I am curious about the behavior of the following function:
void run_nfa(NFA *nfa, char *input, int *buf) {
if (!nfa) return;
int state[MAX_STATES];
for (int i = 0; i < MAX_STATES; i++) state[i] = -1;
int *cur_state = state;
cur_state[0] = nfa->initial_state;
for (int i = 0; input[i] != '\0'; i++) { // iterate over input
int new_state[MAX_STATES];
for (int j = 0; j < MAX_STATES; j++) new_state[j] = -1;
int count = 0;
for (int j = 0; j < MAX_STATES; j++) { // iterate over every current state
if (cur_state[j] == -1) break;
int temp[MAX_STATES];
for (int k = 0; k < MAX_STATES; k++) temp[k] = -1;
nfa->delta(cur_state[j], input[i], temp);
for (int k = 0; k < MAX_STATES; k++) { // iterate over returned states
if (temp[k] == -1) break;
bool has_added = false;
for (int h = 0; h < count; h++) { // iterate over states already added to new_state
if (new_state[h] == temp[k]) {
has_added = true;
break;
}
}
if (!has_added) new_state[count++] = temp[k];
}
}
cur_state = new_state;
}
memcpy(buf, cur_state, MAX_STATES * sizeof(int));
}
Every loop iteration of the nested loops takes the current states and calculates new states based on the current input symbol.
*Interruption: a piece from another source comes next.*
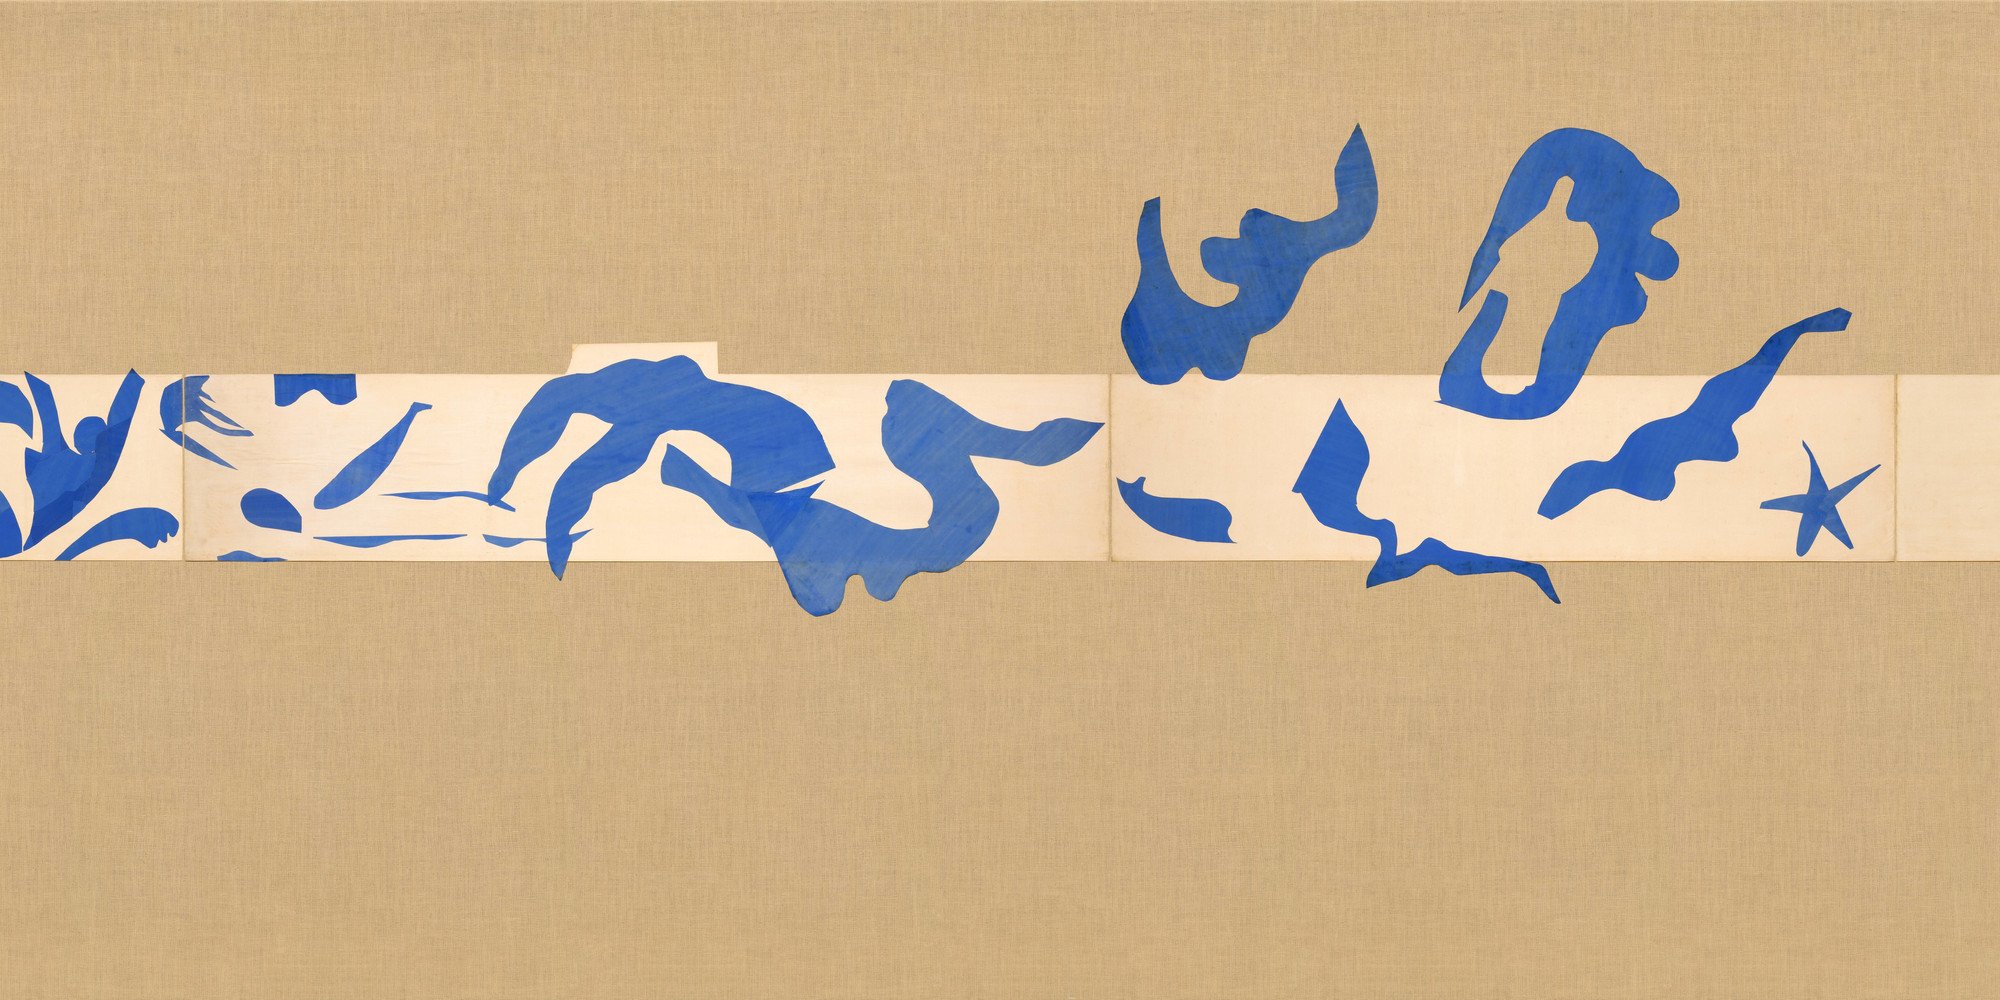 Henri Matisse. The Swimming Pool, Maquette for ceramic (realized 1999 and 2005). 1952. Gouache on paper, cut and pasted, on painted paper, overall 73&#34; × 53&#39; 11&#34; (185.4 × 1643.3 cm). Installed as nine panels in two parts on burlap-covered walls 11&#39; 4&#34; (345.4 cm) high. Frieze installed at a height of 5&#39; 5&#34; (165 cm). Mrs. Bernard F. Gimbel Fund. Conservation was made possible by the Bank of America Art Conservation Project. © 2019 Succession H. Matisse/Artists Rights Society (ARS), New York
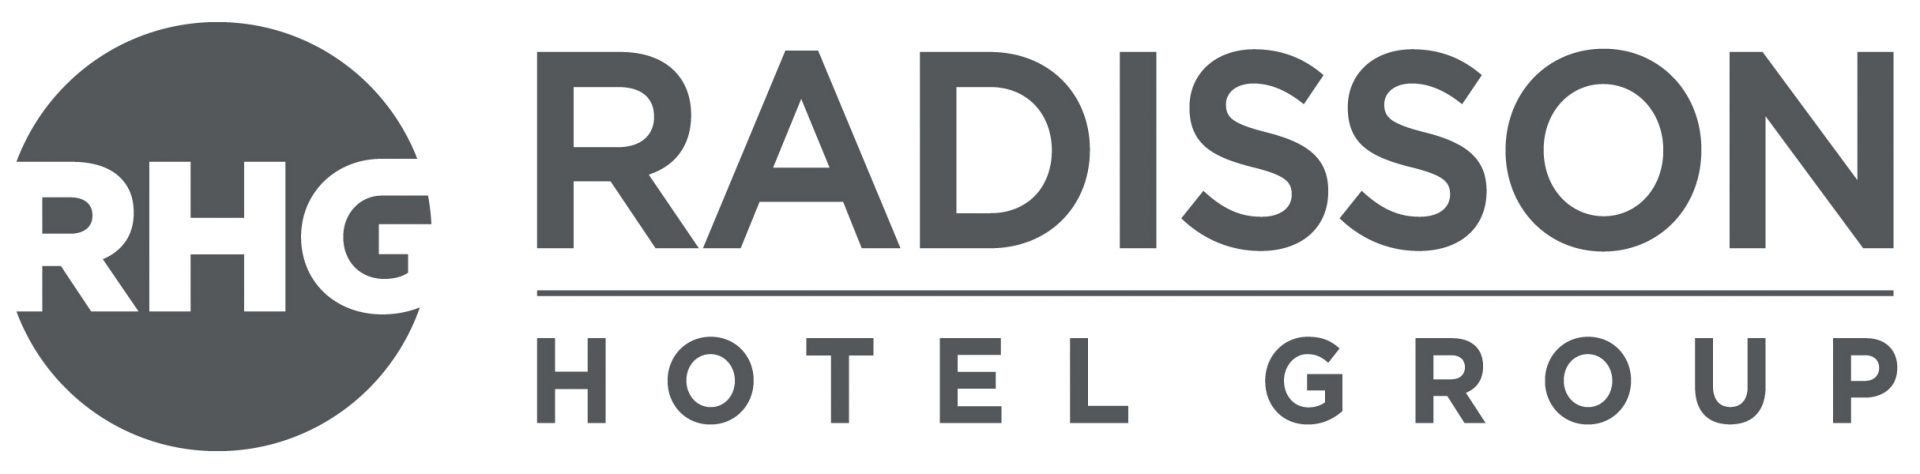 Radisson Hotel Group’s steady ambition to expand in the Middle East

The current behavior is that on every loop iteration starting from the second iteration, new_state[MAX_STATES] gets created at the same memory address and the memory pointed to by cur_state gets overwritten by the initialization loop that I have there for new_state.
I know that I can fix this by using memcpy(). I am just curious why this happens. I obviously have a pointer pointing to that memory address so why does it get overwritten? Is it because new_state belongs to previous loop scope instance so it gets deallocated and that memory address becomes a free real estate?